No action was taken on these questions. The purpose of the discussion was to gauge the range of Faculty opinion and assist the CUE in preparing legislation.
The questions were:
Should the Rules continue to prescribe that each candidate for the A.B. fulfill a set of concentration requirements?
Should the Rules continue to prescribe as a prerequisite for the A.B. degree the completion of 16 courses ordinarily to be taken at the rate of four courses a year?
Should the Rules be altered to provide for some mechanism by which students might obtain credit toward an A.B. degree for applied or field work or for work in one of the performing arts?
Alternatives to rigid concentration requirements, May said, could be a concentration in general education or general studies, or the maintenance of requirements for honors candidates only.
"The main advantages of concentration, advanced tutorials, and the senior thesis are not generally for non-honors students anyway," May said. "It seems they could be relieved of concentration requirements without impairing the education of the majority."
May cited the large number of students choosing cross-departmental concentrations and the number rejected form their fist-choice concentrations-90 were rejected from History and Literature and 130 from Social Studies this year-as reasons for more flexible requirements.
Explaining his second question-the four-course rate-May suggested that Harvard might make credit dependent upon exams rather than courses passed.
"However, we must recognize that with greater freedom students may make mistakes," May said.
The third question-credit for field work or work in the arts-May said, involves official sanction of what is already common practice. The 1214 independentstudies approved this year include yoga exercises and illustrating children's books.
"We must first ask the broader question, what kind of college are we supposed to be?" Bruce Chalmers. Master of Winthrop House, said at the meeting. "I believe we should be an educational institution, not merely a passive environment."

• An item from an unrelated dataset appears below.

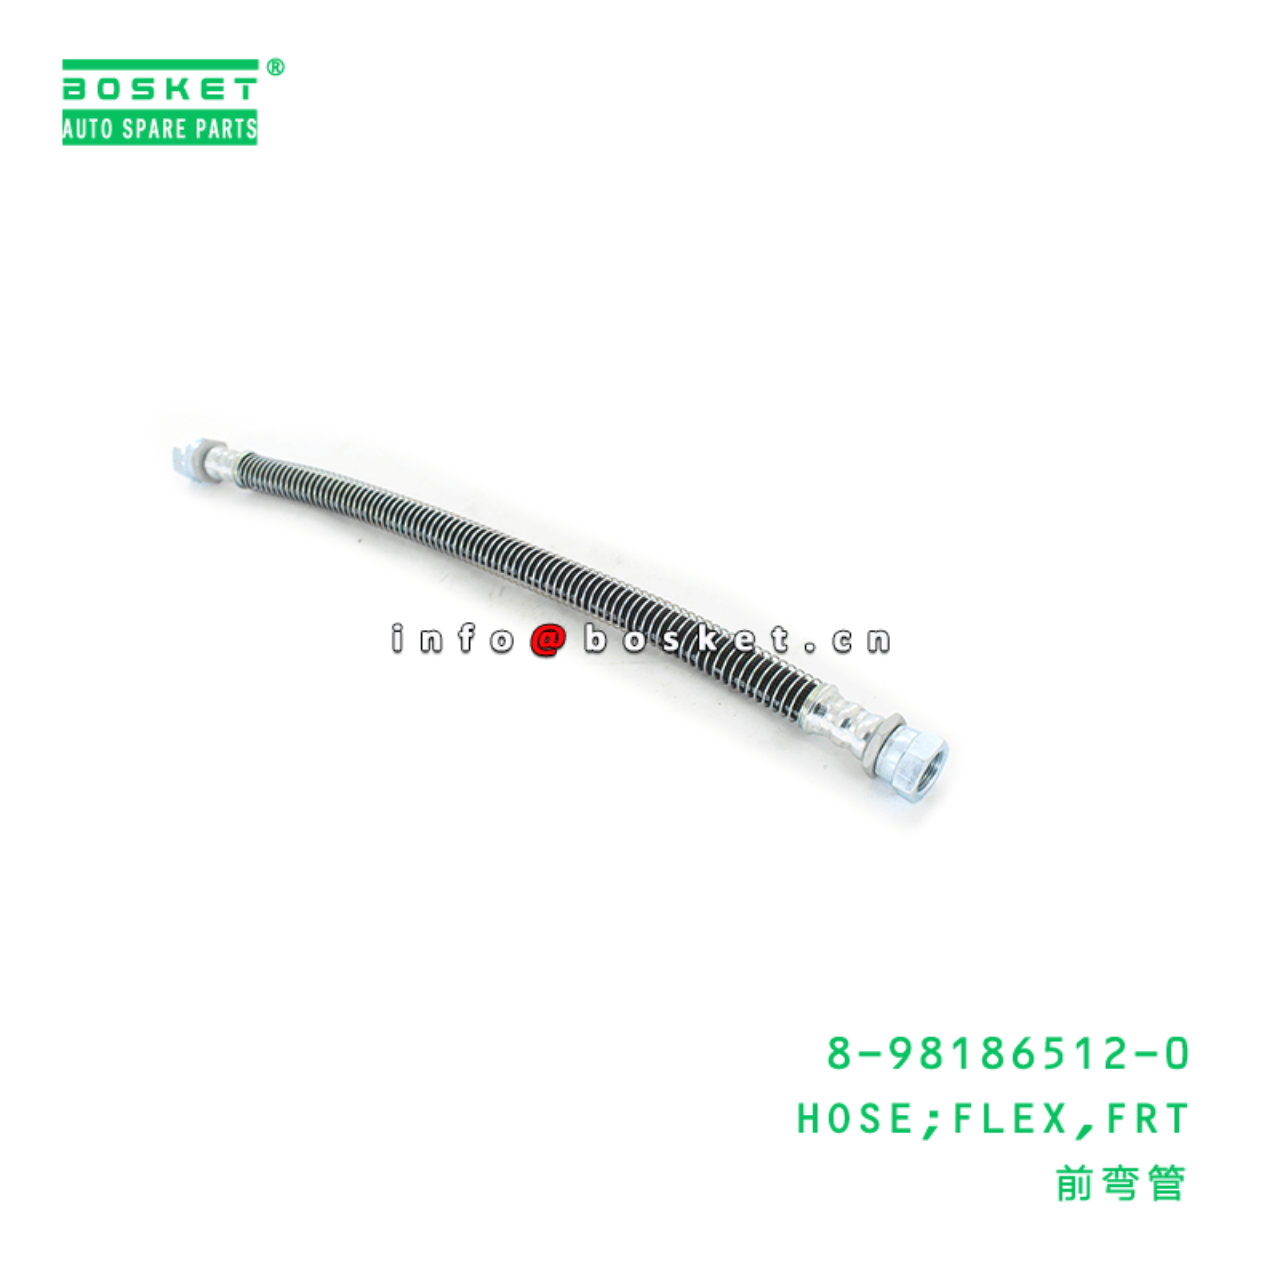 8-98186512-0 Front Flex Hose Suitable for ISUZU NQR 8981865120

"We must not move away from our responsibility to foster educational development," he said. "The discipline of study is learned through the study of a discipline, through study in depth of a field over several years."
Chalmers urged making requirements more demanding, not less. "We may have to look critically at our admission policy," he said, mentioning "the happy bottom quarter" and athletic scholarships.
"A major in Gen Ed as an alternative to individual concentrations seems to build on a weakness, not a strength," Otto Eckstein, professor of Economies, said.
Richard S. Tilden '71. a student member of the CUE, objected to Harvard's "elitist approach." "We all must acknowledge our limitations," he said. "Professors and students are equally ignorant when it comes to veritas."
"College must be a place where we can explore." he said, "not simply produce scholarship for scholarship's sake alone."